Покуда длится пространство, 

Покуда живые живут, 

Пусть в мире и я останусь, 

Страданий рассеивать тьму. 

Это моя любимая молитва. Я всегда возношу ее, и она становится для меня источником силы и внутренней решимости. Вся эта вселенная может исчезнуть, но ей на смену придет новая вселенная, и я буду там. 

Если рассуждать с буддийской точки зрения, то всех нас ожидают новые перерождения. Появится новая вселенная, и там уже не будет ни России, ни Тибета, но новые места с новыми названиями, новые нации… Может быть, даже форма тел у существ будет иная. Но все это будут те же самые живые существа с теми же самыми эмоциями. Их сознание будет продолжением их теперешнего сознания. По-прежнему им будет присуще стремление к счастью и желание избегать страданий. 

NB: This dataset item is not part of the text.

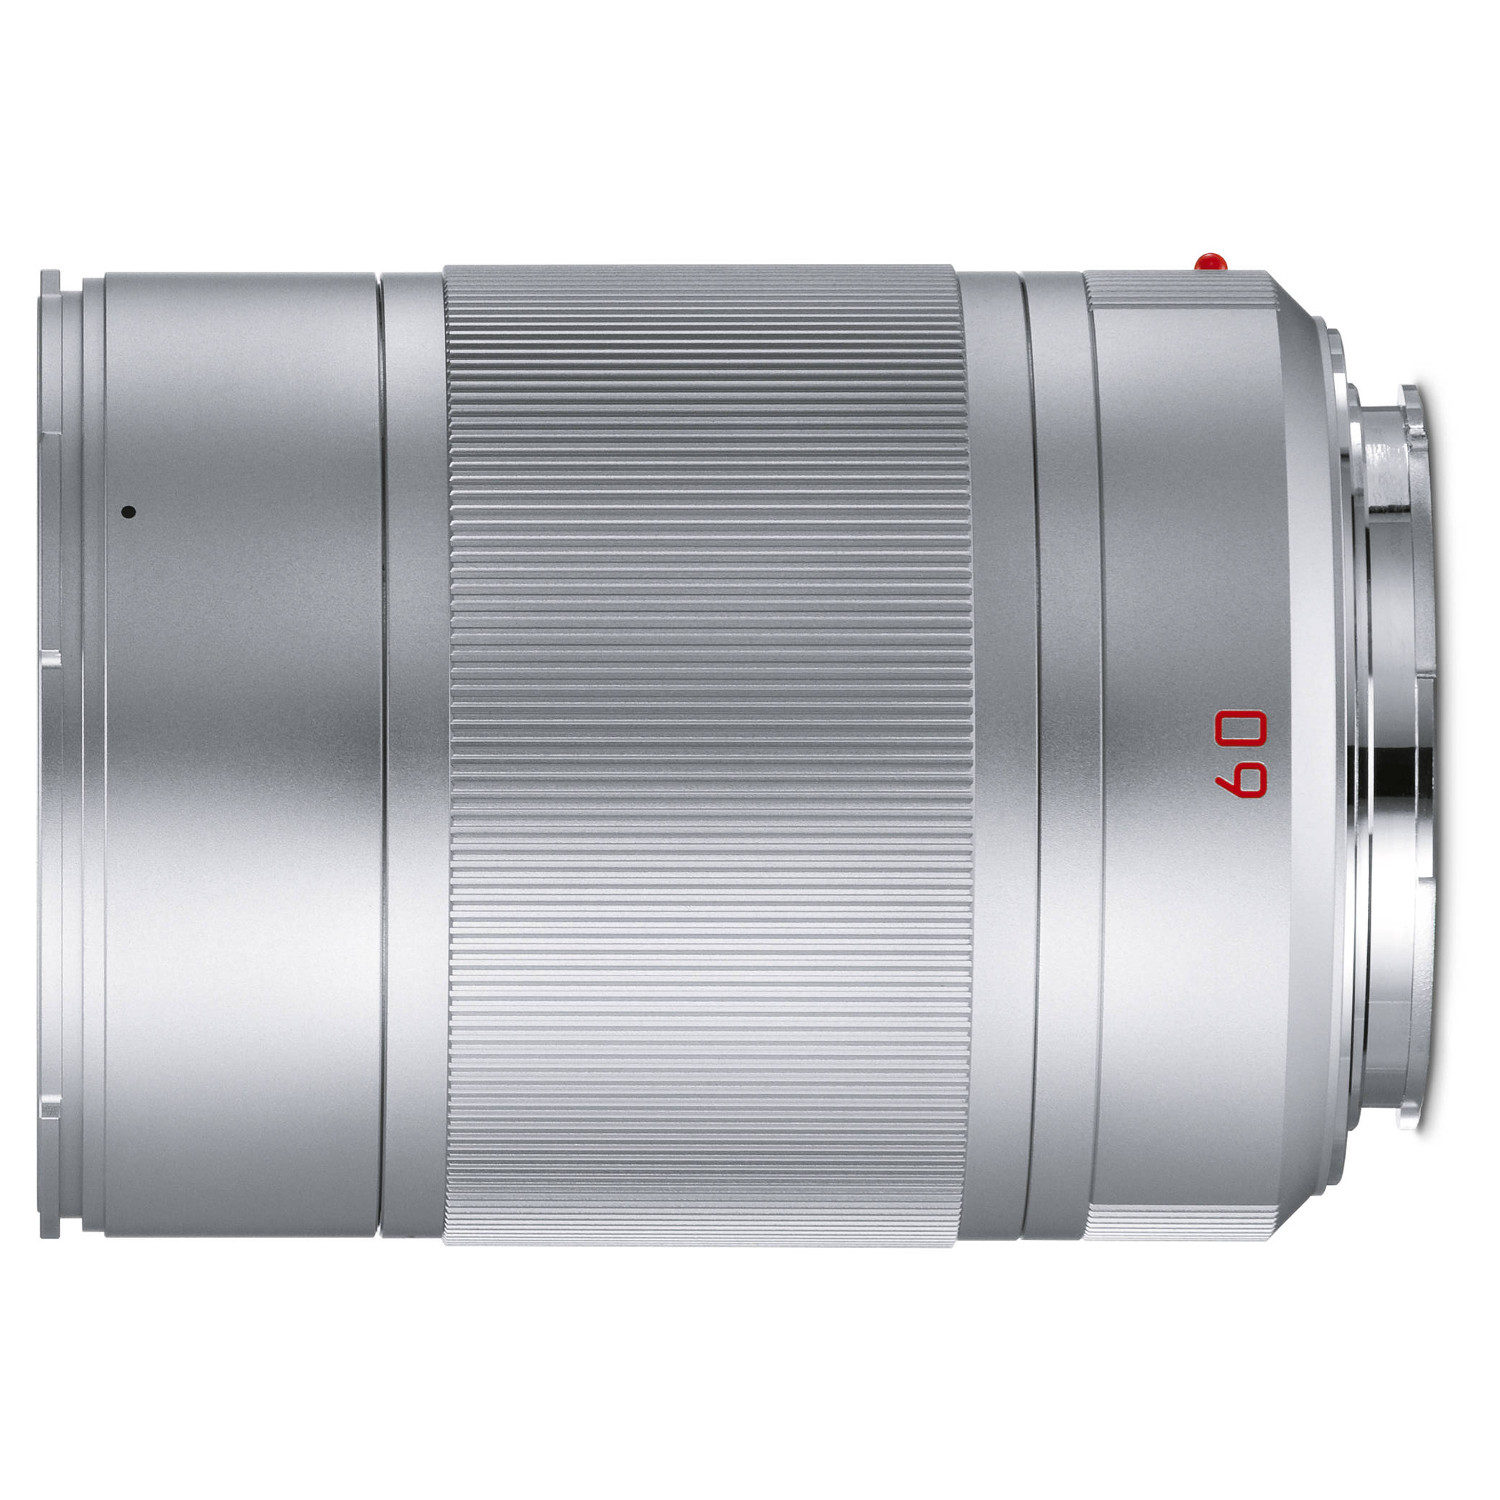 Image of Leica APO-Macro-Elmarit-TL 60mm F/2.8 ASPH zilver
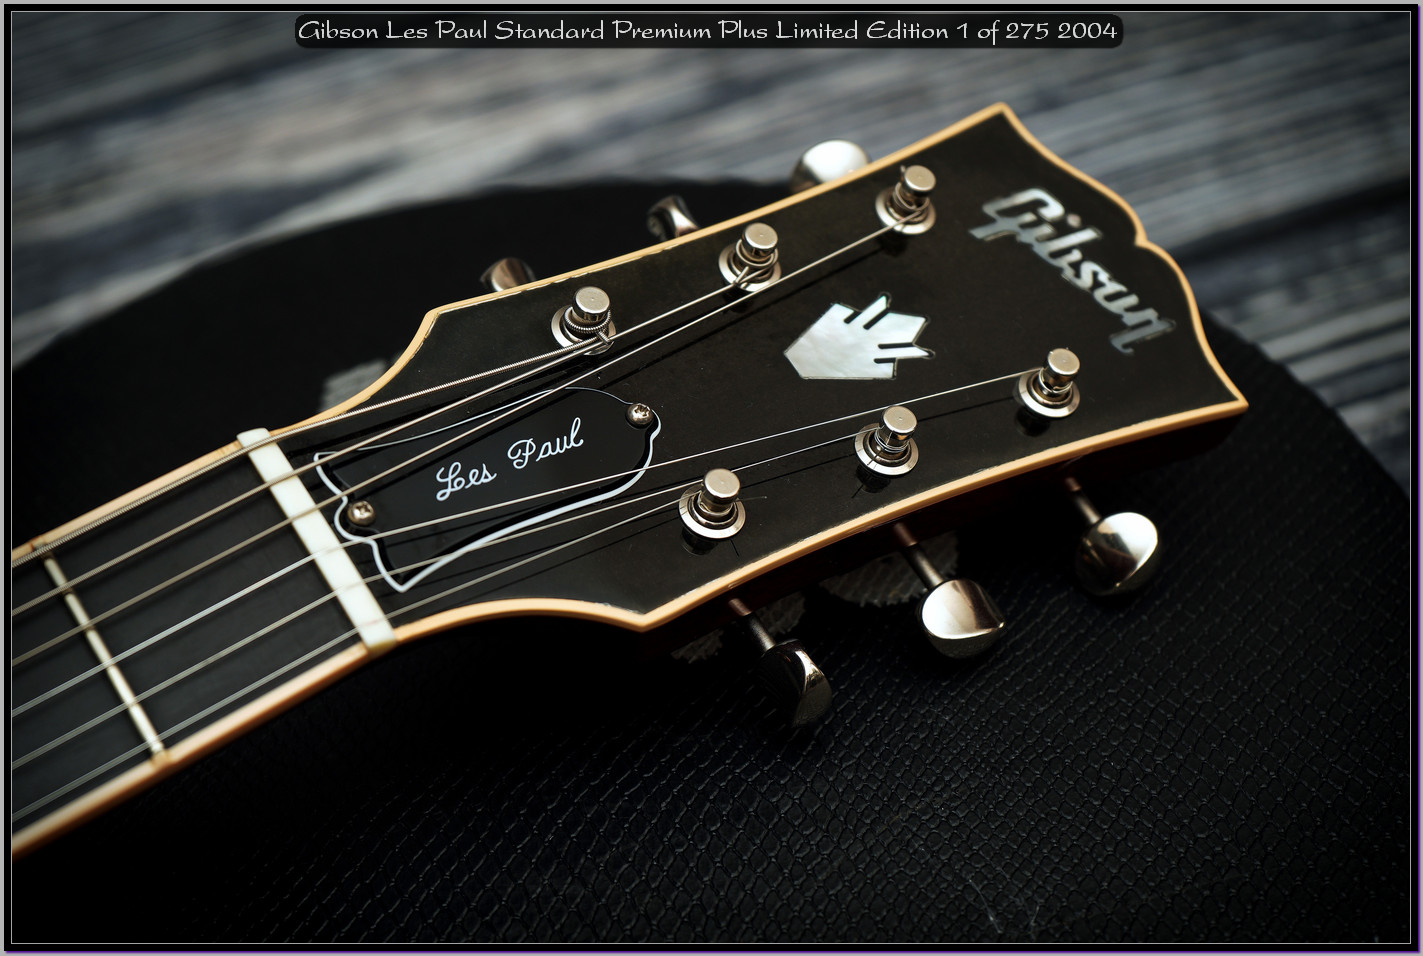 Gibson Les Paul Standard Premium Plus Limited Edition 1 of 275 2004 05_x1400.jpg

- В чем все же состоит ваша философия счастья?

*Под счастьем я понимаю глубокое удовлетворение… Покой… В этом, на мой взгляд, основа счастья, радости. Порой выполняемая нами тяжелая работа может сопровождаться телесными страданиями, но на уровне внутреннем, ментальном мы все равно испытываем удовлетворение. Бывает так, что очень тяжелые, болезненные переживания становятся источником счастья.* 

Удовольствие, счастье, которые мы испытываем на чувственном уровне, – это поверхностное переживание. Но есть более глубокий уровень – счастье, которое мы переживаем на уровне внутреннем, ментальном. 

Если брать физический уровень, наше тело, то здесь границы страдания и боли четко очерчены. Это верно и для животного мира. Но если мы берем уровень ментальный, то понятия «боль» и «удовольствие» во многом оказываются субъективными. Все зависит от нашего взгляда на вещи. Понятиям «добро» и «зло» невозможно дать четкое и объективное определение. Все зависит от нашего мировоззрения. 

Сейчас в этом зале присутствует группа разных людей. Глядя на один и тот же объект, одни из них скажут – какой он привлекательный. Другие – какой он отвратительный. С точки зрения абсолютной, объективной, мы не можем провести четкую границу [между привлекательным и отвратительным]. Поэтому ключевым фактором здесь является наше отношение к тому или иному объекту. Если человек способен сохранять покой и смотреть на то или иное положение вещей с более широкой перспективы, то, даже окажись он в тяжелой ситуации, покой его ума будет непоколебим. Если же вы пребываете в раздраженном состоянии ума, то в такой момент вам захочется выключить даже ту музыку, которая вам очень нравится в обычные дни. Поскольку мы имеем дело с субъективной реальностью, то здесь все в значительной степени зависит от нашего отношения к тому или иному объекту. 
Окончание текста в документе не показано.